Dans le même temps, les politiques de tout bord ont commenté, parfois de façon enthousiaste, mais le plus souvent avec acrimonie, la ballade géographique des régions, qui suit à grande allure le sentier du mille-pattes territorial décrit par Alain Rallet[2], sans vraiment apporter de solutions à la question lancinante du mille-feuilles, jugé par tous trop indigeste.

Si l’on peut s’irriter ou s’amuser de ces épisodes et de leur succession rapide et parfois contradictoire, il n’en demeure pas moins que c’est le jeu démocratique qui s’est ici mis en place et que les élus de la République ne font après tout que jouer leur rôle, qui est à la fois de décider de l’avenir de la Nation et de délibérer pour élaborer de nouvelles lois.
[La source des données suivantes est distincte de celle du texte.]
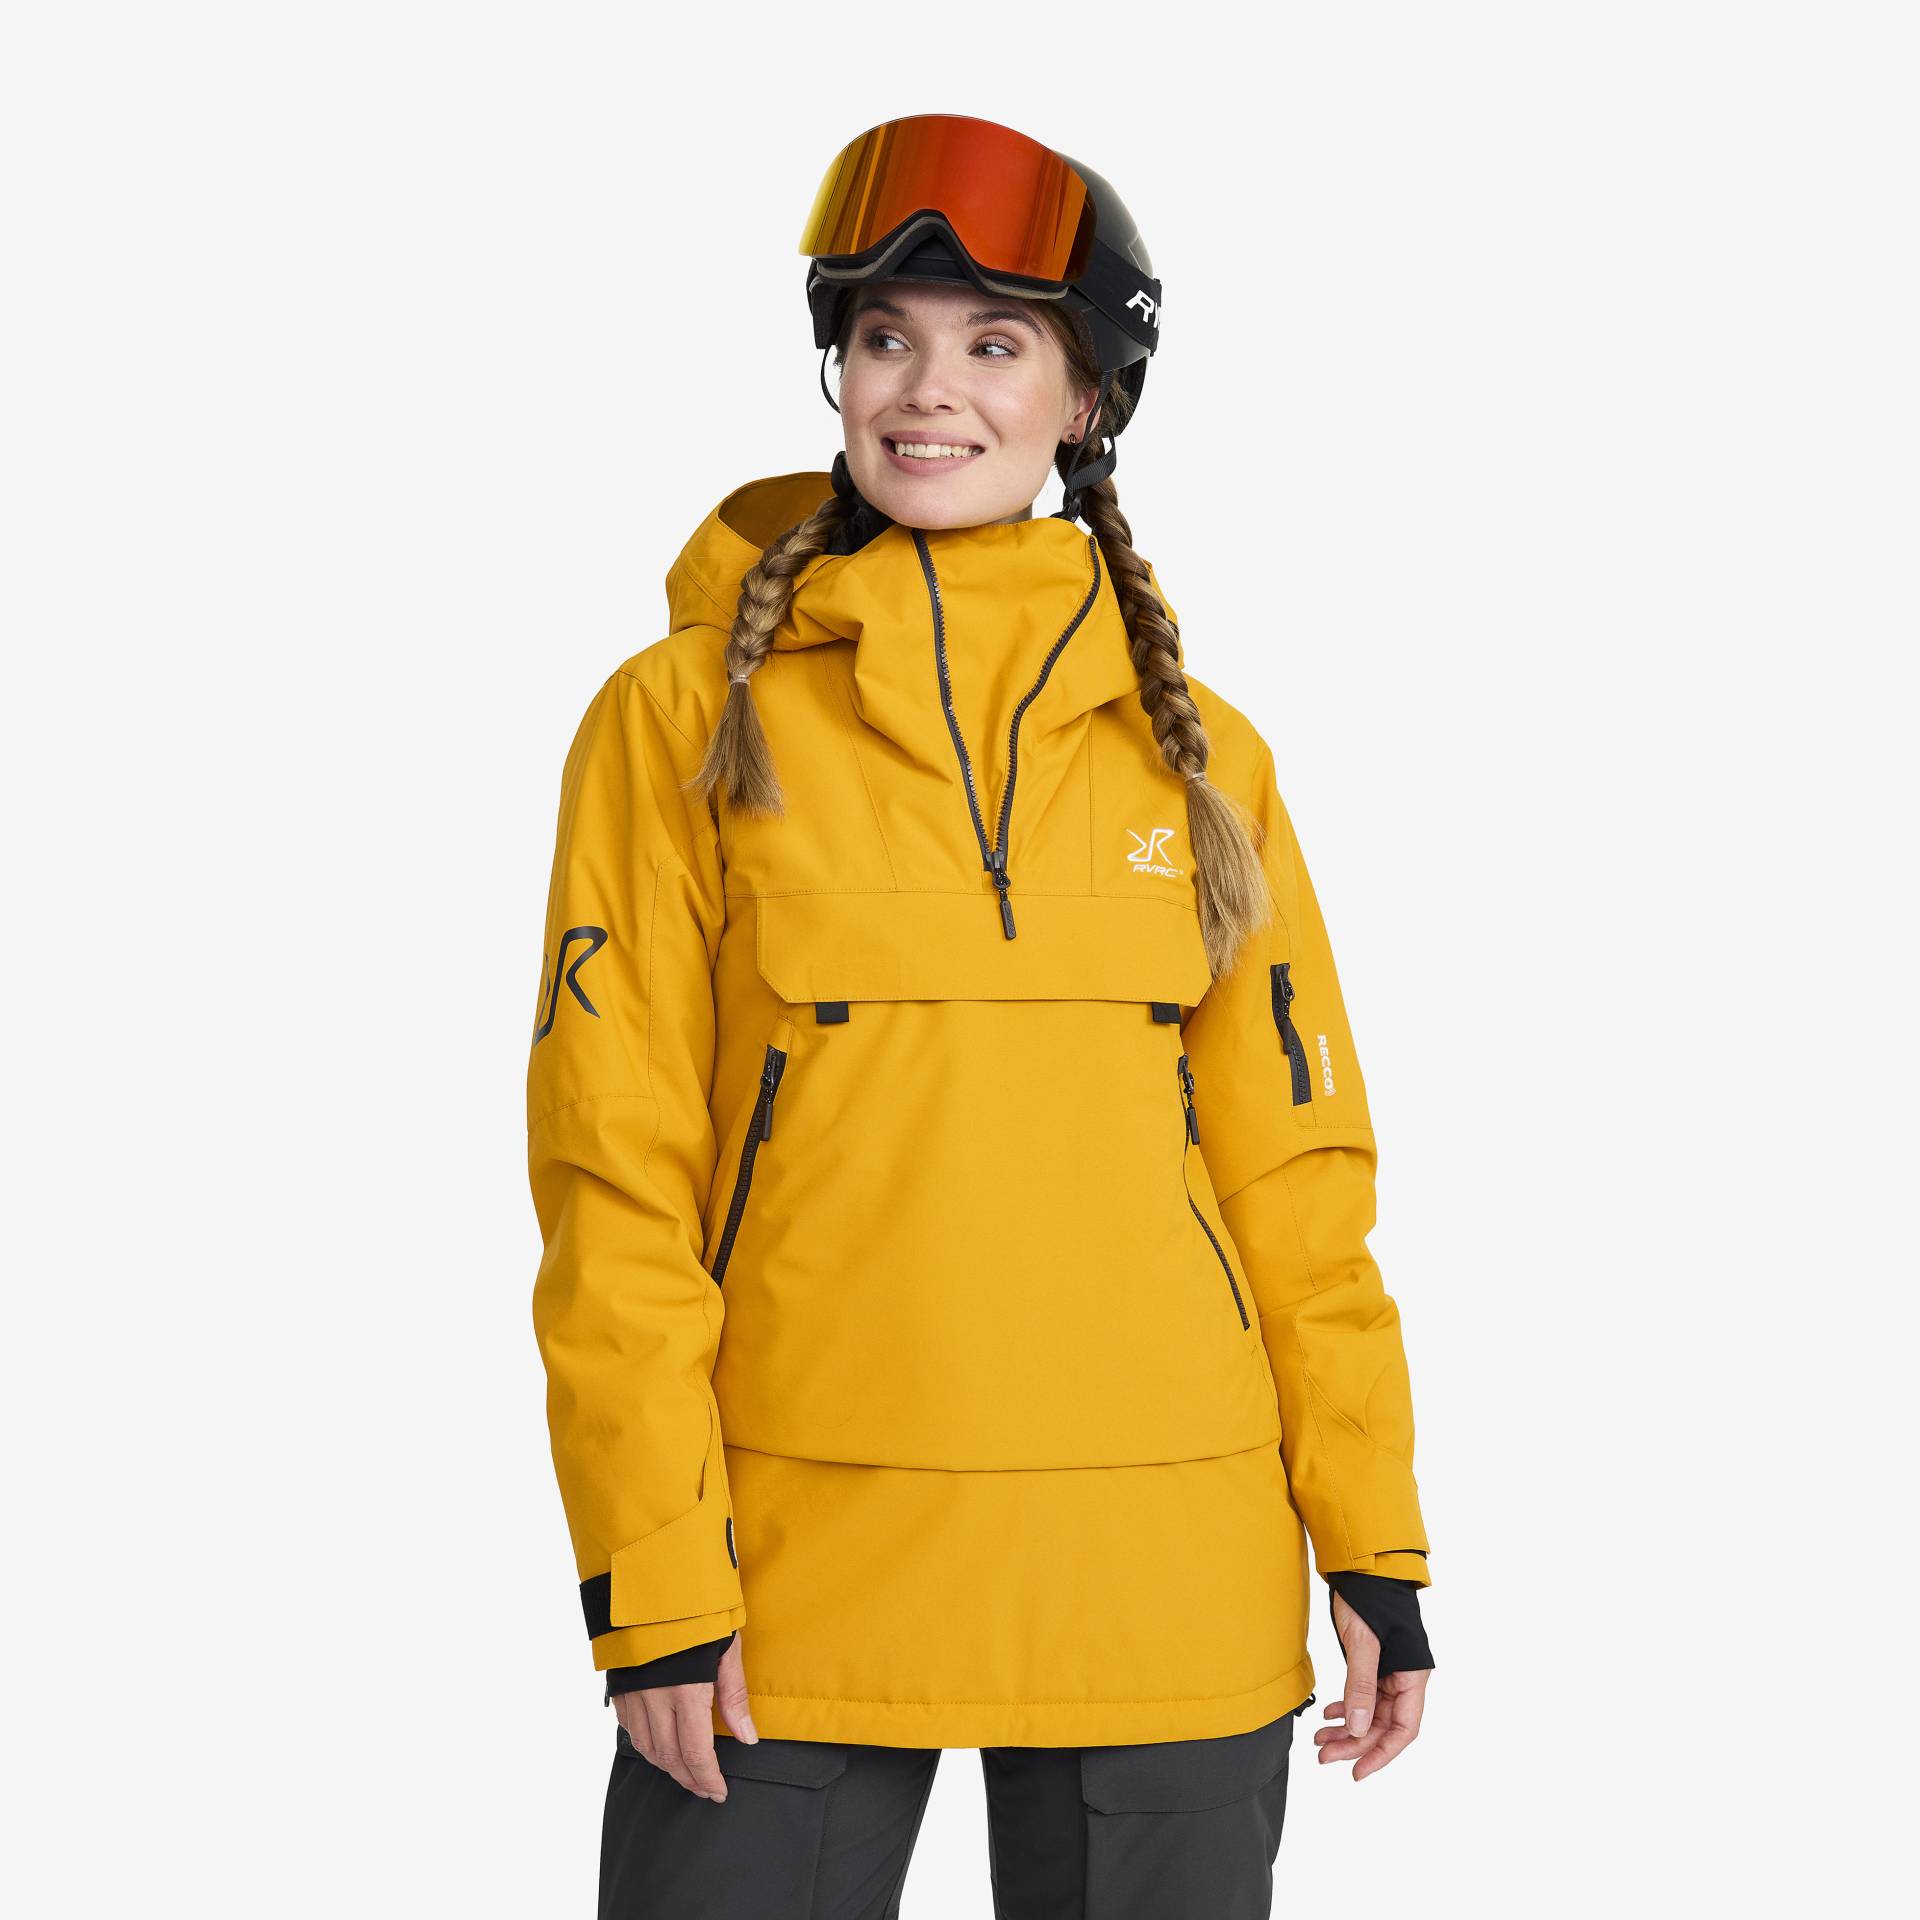 Halo 2L Insulated Ski Anorak Damen Golden Yellow, Größe:XS - Skijacken von RevolutionRace
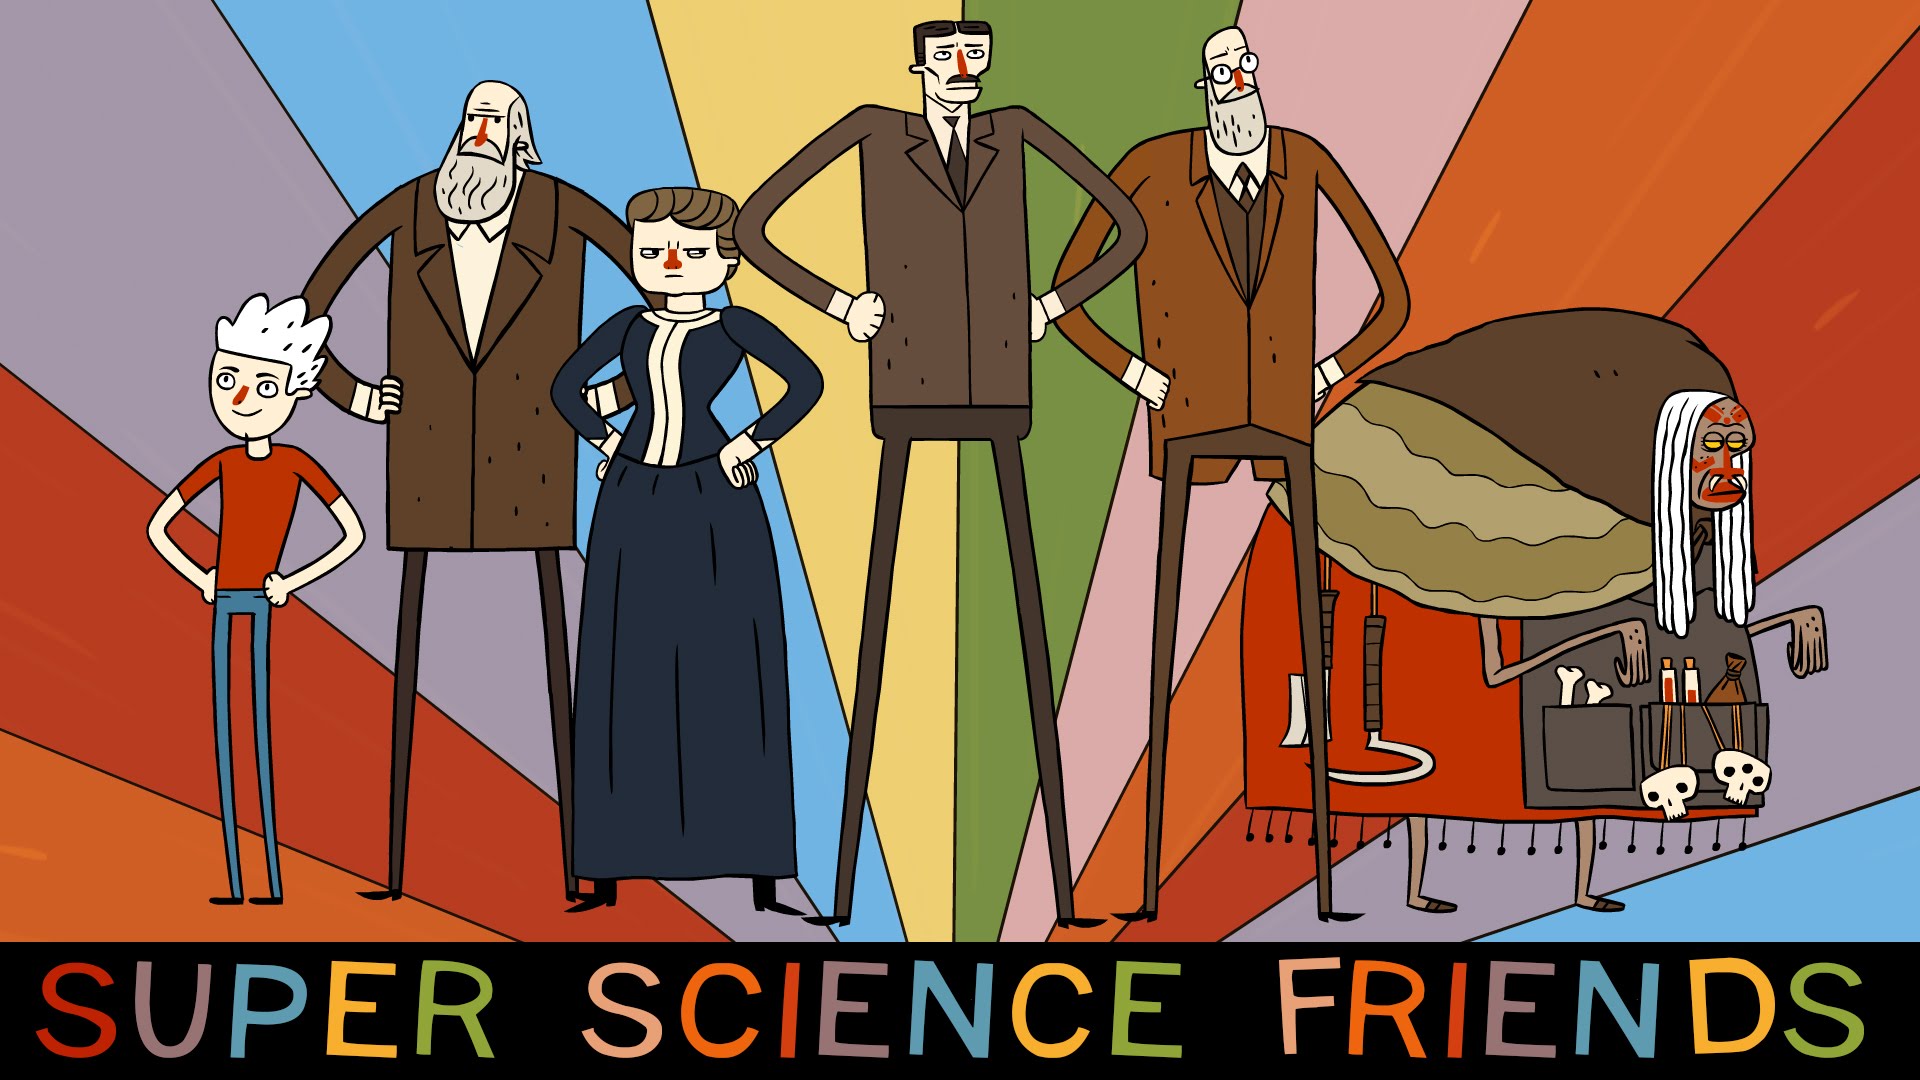 Super Science Friends, o grupos de cientistas super-heróis viajantes do tempo

A ce titre, l’organisation décentralisée de l’Etat figure dans leurs prérogatives, et quoi de plus normal pour eux que de s’y pencher, avec un peu de précipitation et dans la plus grande impréparation il est vrai, voire sans grandes connaissances ou informations sur la question à traiter (voir le rejet initial du document technique d’accompagnement du projet de loi, jugé trop léger par la commission du Sénat).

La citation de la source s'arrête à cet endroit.